Does he know that there are batteries
In submarines
He doesn't like batteries
But fortunately we have the best technology
and we have the best submarines.
It's something we lead the world in by 15 years.
Any other questions?
I'll just go ahead.
Thank you so much, Mr. President.
What?
I said, thank you so much, Mr. President.
Jennifer Schoberger on the Trump account,
SpaceX president has said that she's going to donate shares to the Trump account.
Have you spoken at all with Elon Musk about further share donations
as well as other corporate shares about share donations?
I'm like a cheerleader for geniuses.
I love geniuses.
I love high IQ people.
He's a high IQ person.
I love high IQ people.
And I speak to Elon.
I speak to Mark.
I speak to Jeff.
I speak to everybody.
By the way, in the first term, less so.
In fact, at my first inauguration, none of them were standing behind me.

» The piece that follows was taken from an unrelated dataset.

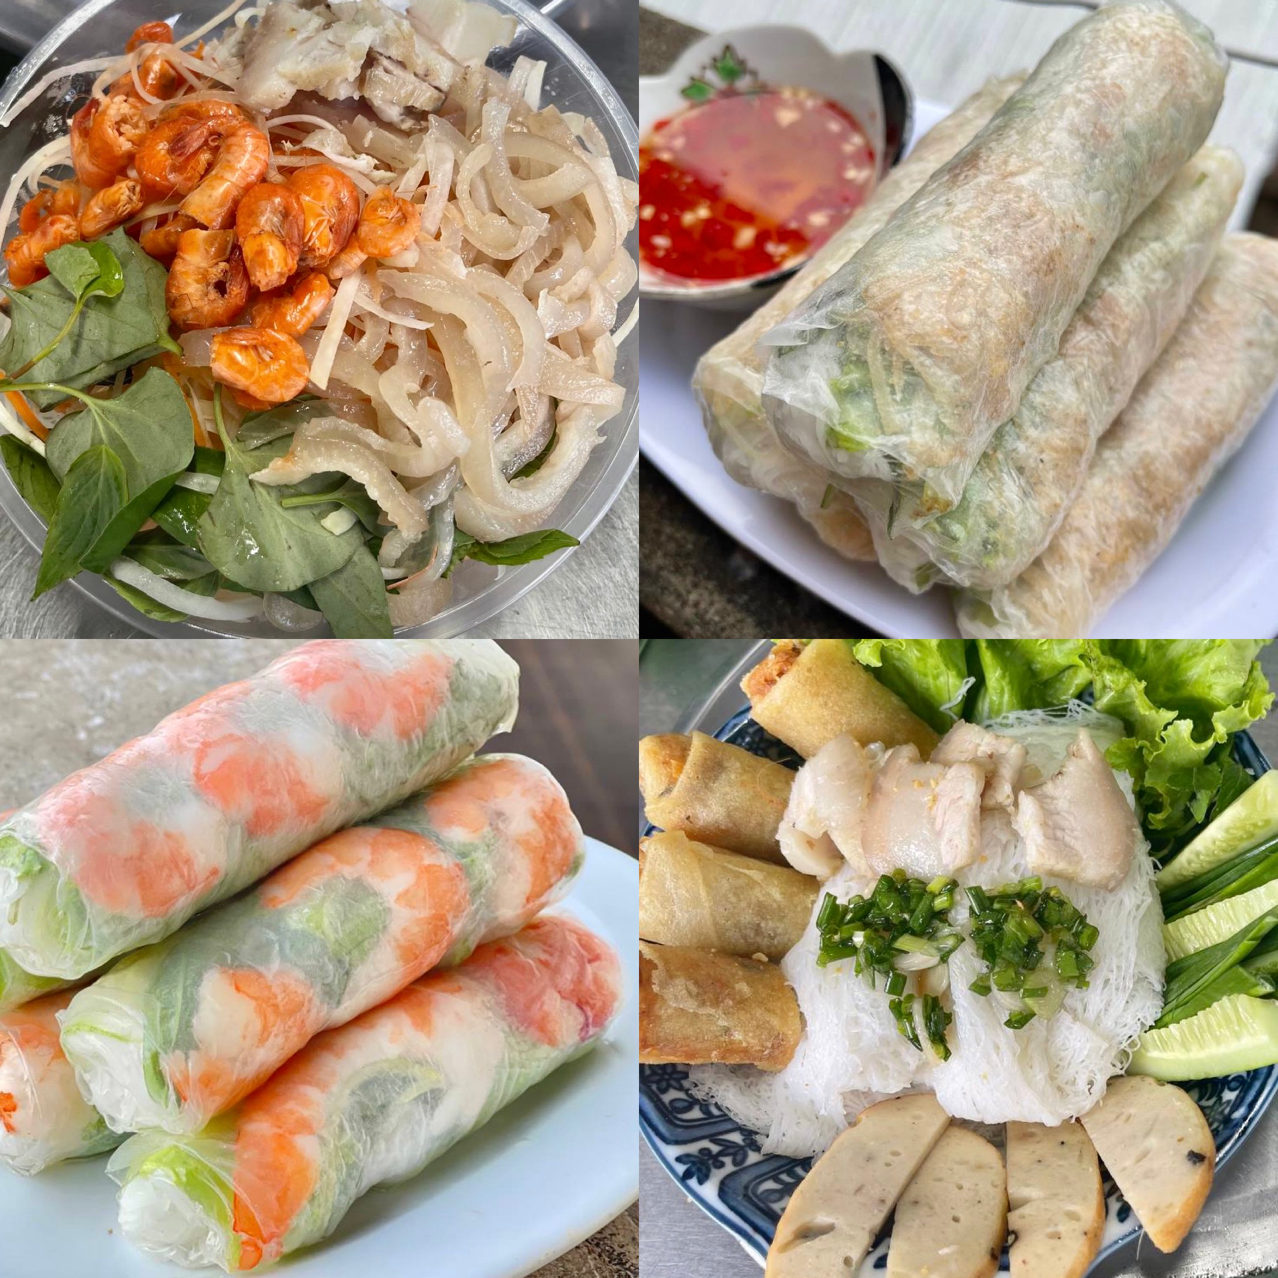 Banh Sung Yey Phan (Central Market)​ C160

They were just the opposite.
And now at this later...
And here we go.
We're off to the races.
It was about Trump account.
The question was about Trump accounts.
Ha!
And now we're...
I love geniuses.
Mother McCree!
Actually, this was a couple of days ago, Billable.
But...
Billable Rick says,
this speech about nuclear subs is as crazy
as the comment about the British bombing U.S. airports
during the Revolutionary War.
Yeah? And this has a side order of grievance gravy.

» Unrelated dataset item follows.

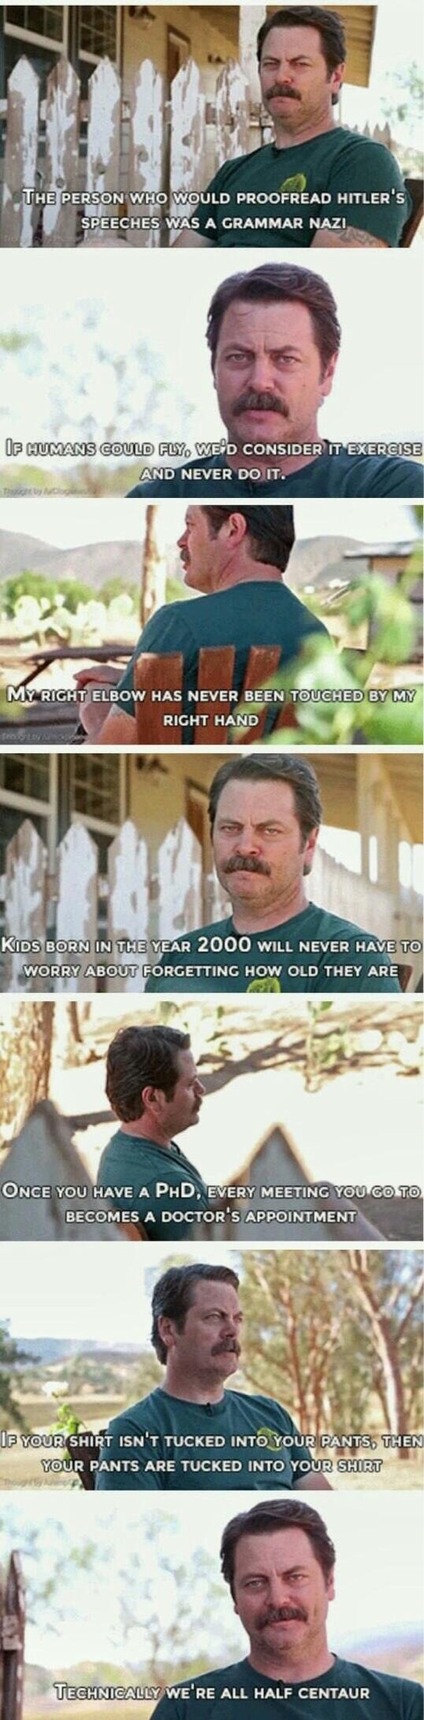 shower thoughts with Ron Swanson - meme

Yeah, and the first term, not so much, but now they're all, now they're all sucking my little winky.
To Mark, I speak to Jeff. I speak to everybody. By the way, in the first term, less so. In fact, at my first inauguration, none of them were standing behind me.
They were just the opposite. And now at this last inauguration, every one of them was standing.

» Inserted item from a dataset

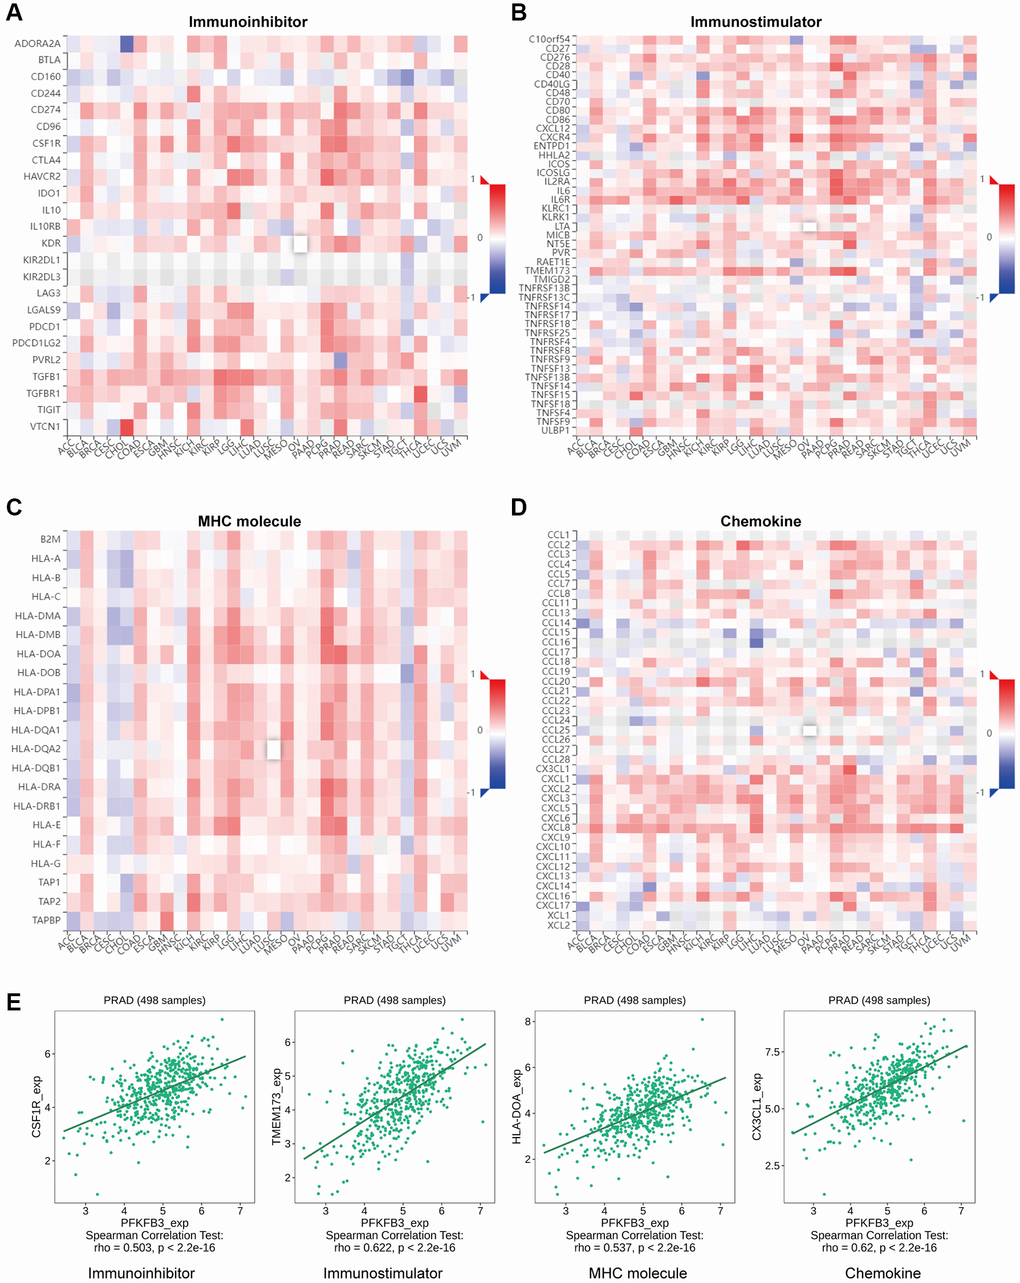 The association between PFKFB3 gene mutation and immune regulators in pan-cancer. The heatmaps about the relationship between PFKFB3 expression and immune markers: (A) immunoinhibitory factors; (B) immunostimulatory factors; (C) MHC molecule; (D) Chemokine. (E) The expression of PFKFB3 correlated with corresponding immune markers (CSF1R, TMEM173, HLA-DOA, and CX3CL1) in PRAD.

and behind me. It was sort of amazing. No, I speak to all of them and I encourage them.
I want them to be tremendously successful. Now, there's a thing called TikTok. Have you heard of it?
I was watching a show this morning. Maria Bordoroma, she's saying.
Well, at least, see, okay, so this is another one of those moments. He's got TikTok on the brain,
but by the time he got to Europe, it had become Tic Tac.
There's this thing called TikTok. Have you heard of it?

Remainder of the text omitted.